Try it: If pictures appear among the lines below, leave them out while you return exactly the lines from the one with "Revere those things" through the one with "Joe McElderry shocks".

··· Records shown

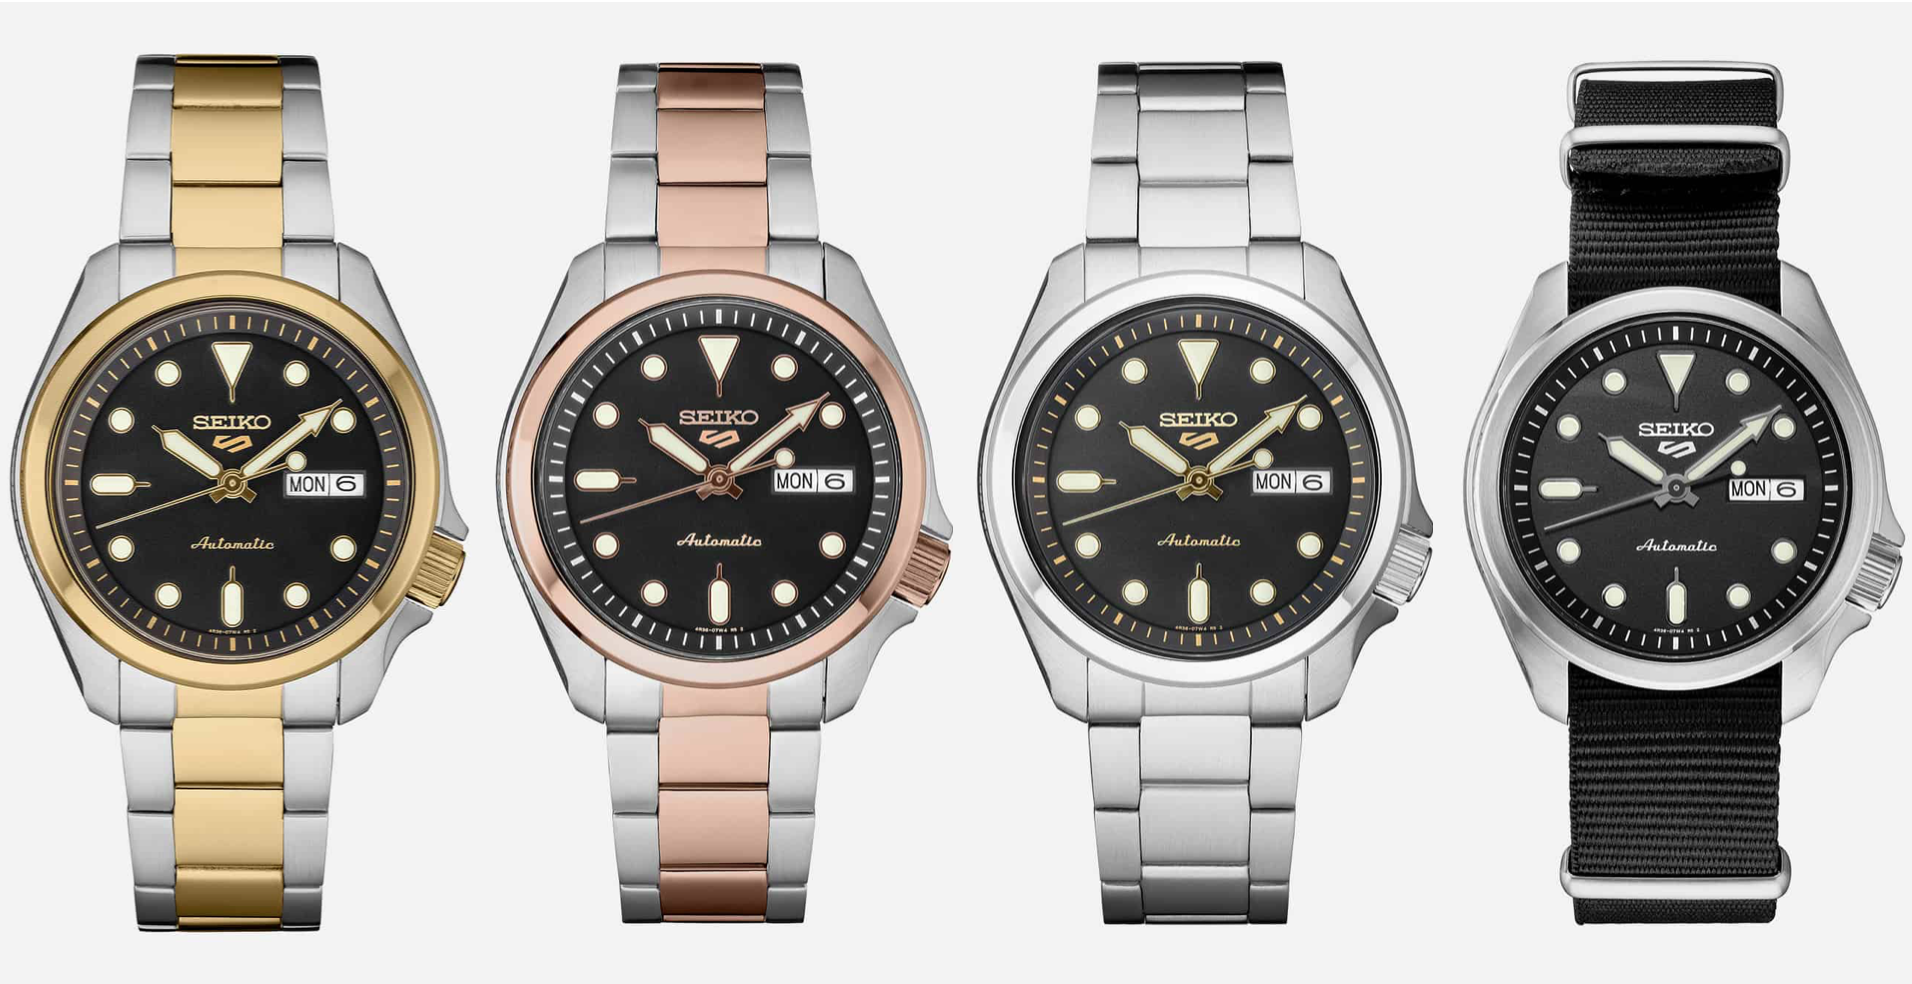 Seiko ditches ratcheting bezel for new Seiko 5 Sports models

······
··· Records shown

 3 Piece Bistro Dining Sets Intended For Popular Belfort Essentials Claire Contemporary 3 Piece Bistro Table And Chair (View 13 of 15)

······
··· Records shown

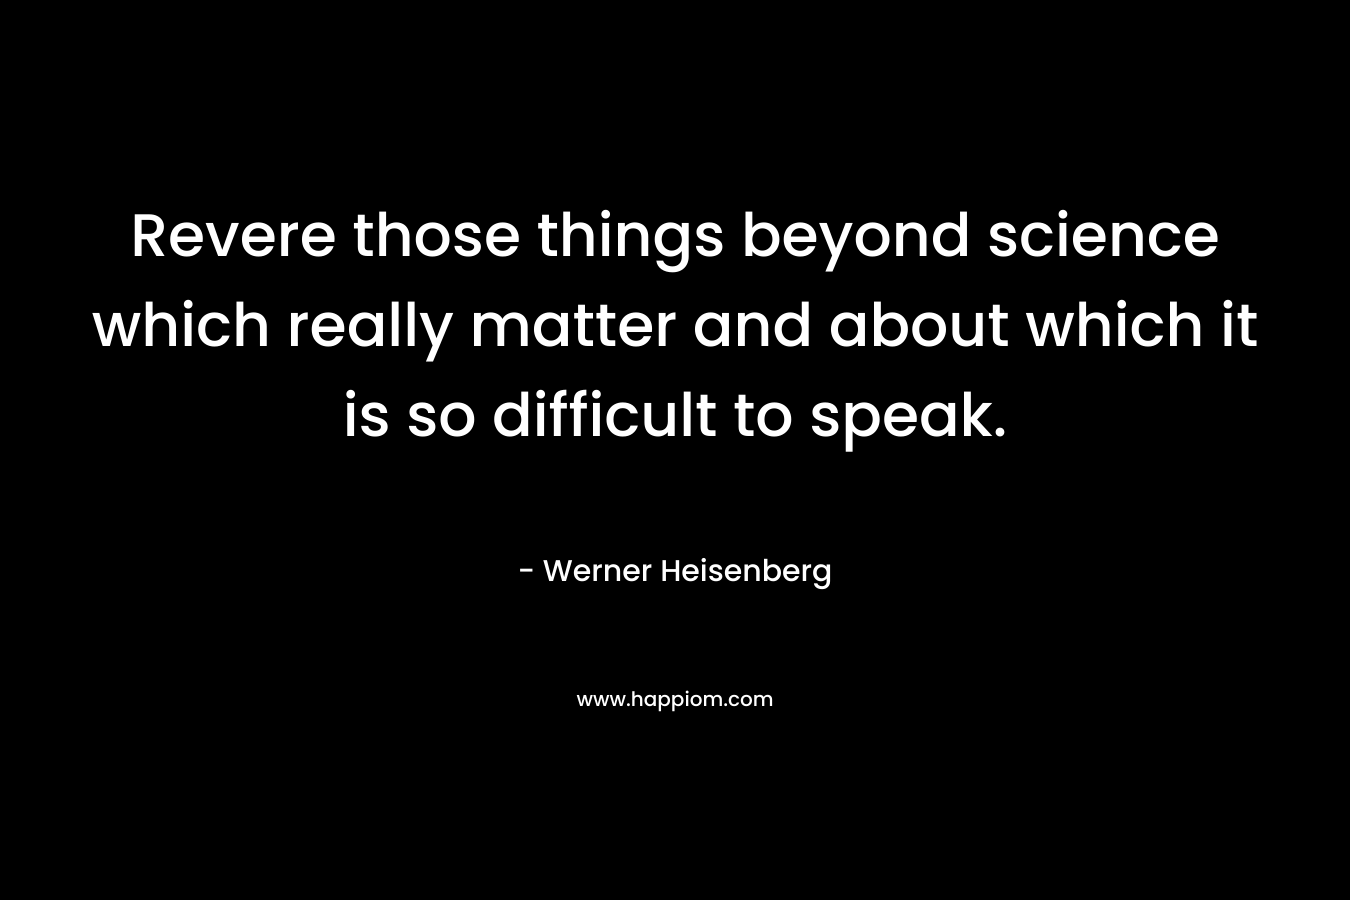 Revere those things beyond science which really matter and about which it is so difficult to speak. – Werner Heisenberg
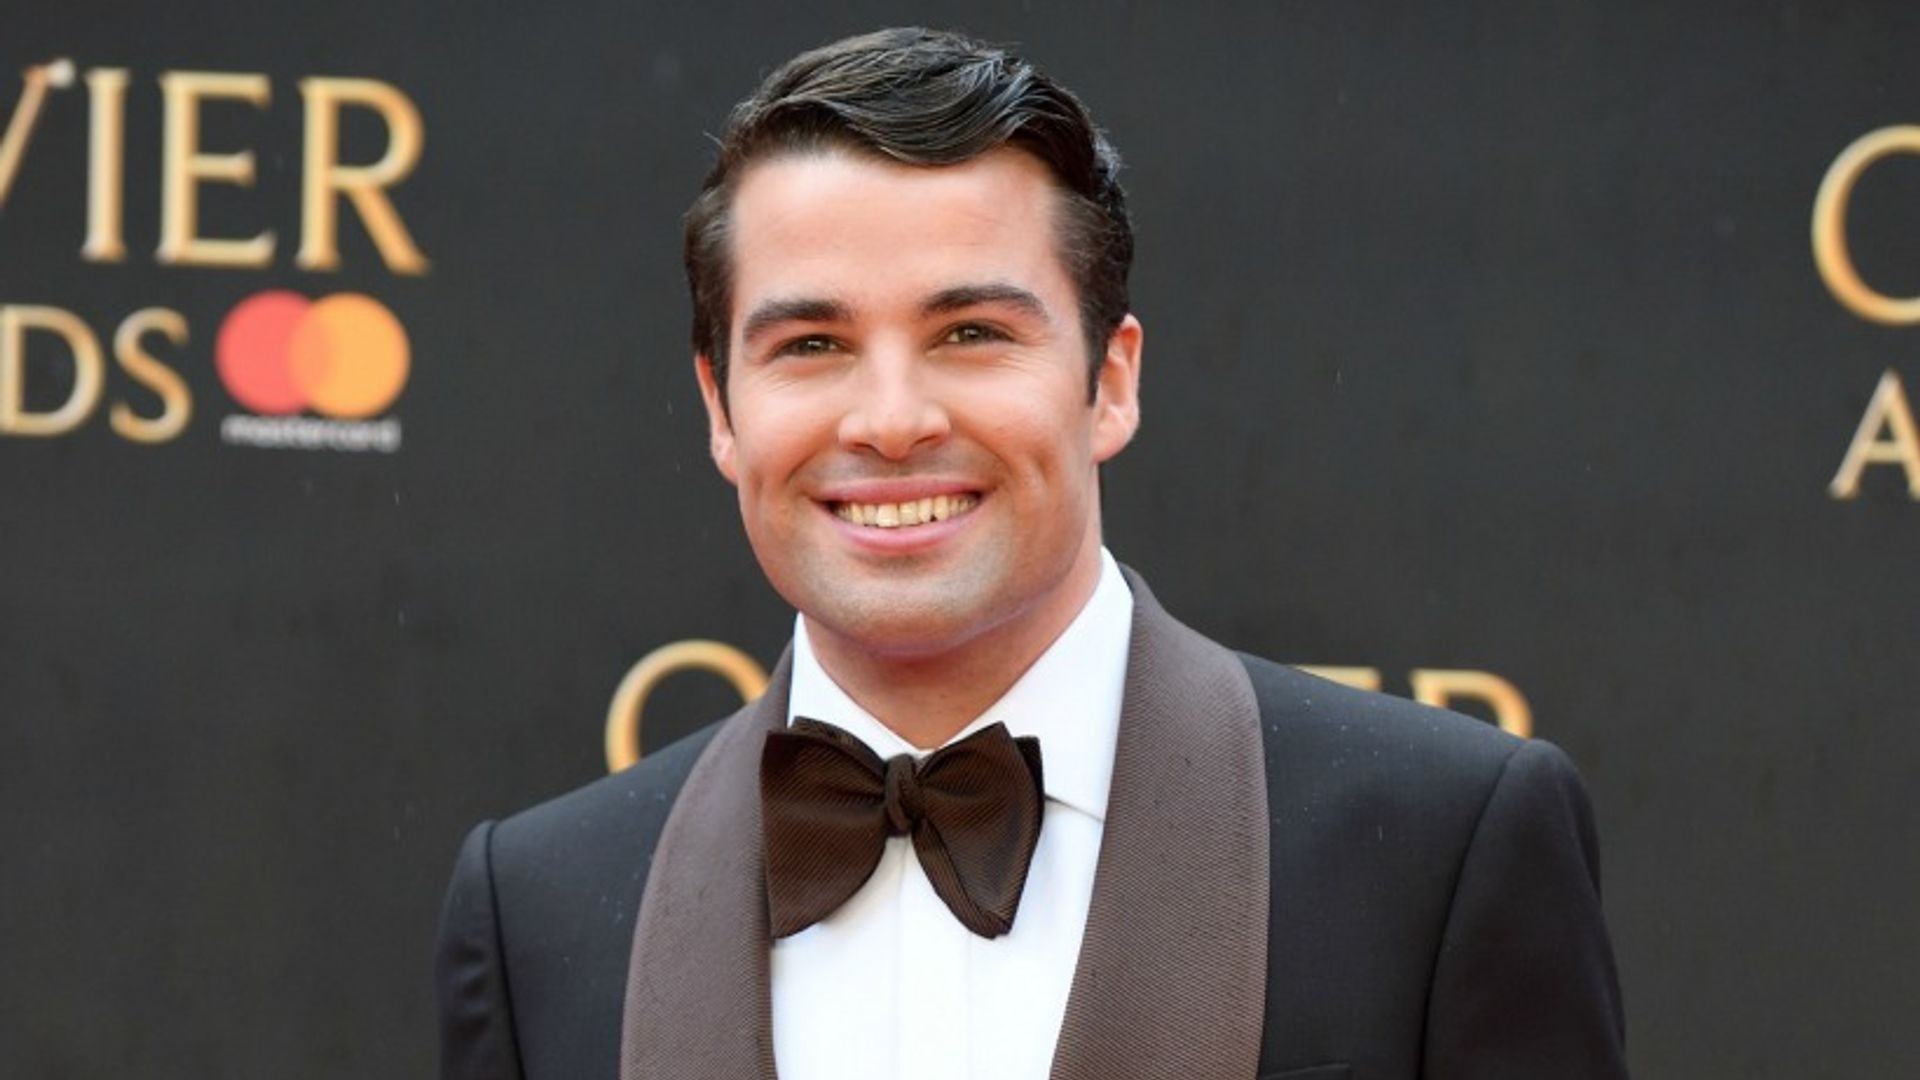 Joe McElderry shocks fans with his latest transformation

······

Problem solution:
 Revere those things beyond science which really matter and about which it is so difficult to speak. – Werner Heisenberg
 Joe McElderry shocks fans with his latest transformation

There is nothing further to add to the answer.